Data section »
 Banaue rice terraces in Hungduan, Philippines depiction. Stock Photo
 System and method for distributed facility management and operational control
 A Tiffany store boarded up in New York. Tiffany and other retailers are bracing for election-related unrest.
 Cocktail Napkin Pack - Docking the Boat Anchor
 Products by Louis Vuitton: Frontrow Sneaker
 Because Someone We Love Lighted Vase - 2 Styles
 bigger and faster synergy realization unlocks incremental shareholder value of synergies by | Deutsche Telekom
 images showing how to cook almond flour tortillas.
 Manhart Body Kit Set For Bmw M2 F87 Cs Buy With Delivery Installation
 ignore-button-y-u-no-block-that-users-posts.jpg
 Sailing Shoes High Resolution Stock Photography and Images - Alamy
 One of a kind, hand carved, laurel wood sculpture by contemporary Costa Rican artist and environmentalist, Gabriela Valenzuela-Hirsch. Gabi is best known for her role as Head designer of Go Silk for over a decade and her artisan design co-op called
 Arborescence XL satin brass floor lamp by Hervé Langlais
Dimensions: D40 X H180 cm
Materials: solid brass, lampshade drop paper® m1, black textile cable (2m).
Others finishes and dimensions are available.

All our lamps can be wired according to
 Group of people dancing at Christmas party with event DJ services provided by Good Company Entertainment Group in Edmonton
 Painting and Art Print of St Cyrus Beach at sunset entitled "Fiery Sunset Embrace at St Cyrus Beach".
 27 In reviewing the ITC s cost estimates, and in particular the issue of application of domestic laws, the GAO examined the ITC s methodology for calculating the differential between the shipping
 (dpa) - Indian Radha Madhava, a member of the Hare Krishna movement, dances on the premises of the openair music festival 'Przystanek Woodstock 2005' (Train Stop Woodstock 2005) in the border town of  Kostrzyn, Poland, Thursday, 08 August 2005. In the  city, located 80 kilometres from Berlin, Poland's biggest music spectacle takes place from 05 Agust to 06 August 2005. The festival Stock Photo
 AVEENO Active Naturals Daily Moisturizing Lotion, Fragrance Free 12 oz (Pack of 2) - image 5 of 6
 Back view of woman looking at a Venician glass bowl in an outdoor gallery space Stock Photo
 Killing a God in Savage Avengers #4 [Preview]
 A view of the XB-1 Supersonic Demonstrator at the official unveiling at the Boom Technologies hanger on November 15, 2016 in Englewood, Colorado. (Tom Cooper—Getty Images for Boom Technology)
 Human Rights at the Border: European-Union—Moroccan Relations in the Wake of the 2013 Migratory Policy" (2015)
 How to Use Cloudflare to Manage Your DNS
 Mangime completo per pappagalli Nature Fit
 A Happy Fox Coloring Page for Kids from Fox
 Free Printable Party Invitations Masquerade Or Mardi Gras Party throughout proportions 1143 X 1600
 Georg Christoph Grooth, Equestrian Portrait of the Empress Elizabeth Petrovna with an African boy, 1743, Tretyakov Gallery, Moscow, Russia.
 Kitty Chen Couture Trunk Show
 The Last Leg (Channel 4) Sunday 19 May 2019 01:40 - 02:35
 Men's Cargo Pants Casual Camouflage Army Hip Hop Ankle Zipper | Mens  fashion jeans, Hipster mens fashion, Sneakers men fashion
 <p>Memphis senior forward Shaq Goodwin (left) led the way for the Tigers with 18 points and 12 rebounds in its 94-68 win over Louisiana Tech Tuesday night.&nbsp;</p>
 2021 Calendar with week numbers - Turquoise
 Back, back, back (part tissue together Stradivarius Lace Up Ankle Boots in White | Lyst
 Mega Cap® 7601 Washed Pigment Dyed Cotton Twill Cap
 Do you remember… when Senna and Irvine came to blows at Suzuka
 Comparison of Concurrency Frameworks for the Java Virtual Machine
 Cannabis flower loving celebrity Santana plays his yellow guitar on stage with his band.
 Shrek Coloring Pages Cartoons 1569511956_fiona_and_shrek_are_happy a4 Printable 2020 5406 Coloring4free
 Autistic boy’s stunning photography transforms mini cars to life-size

What the task asks » Taking the line with "<p>Memphis senior forward" as the first and the line with "2021 Calendar with week numbers - Turquoise" as the last, retype that stretch of the data above exactly, with no other lines.

Task answer »
 <p>Memphis senior forward Shaq Goodwin (left) led the way for the Tigers with 18 points and 12 rebounds in its 94-68 win over Louisiana Tech Tuesday night.&nbsp;</p>
 2021 Calendar with week numbers - Turquoise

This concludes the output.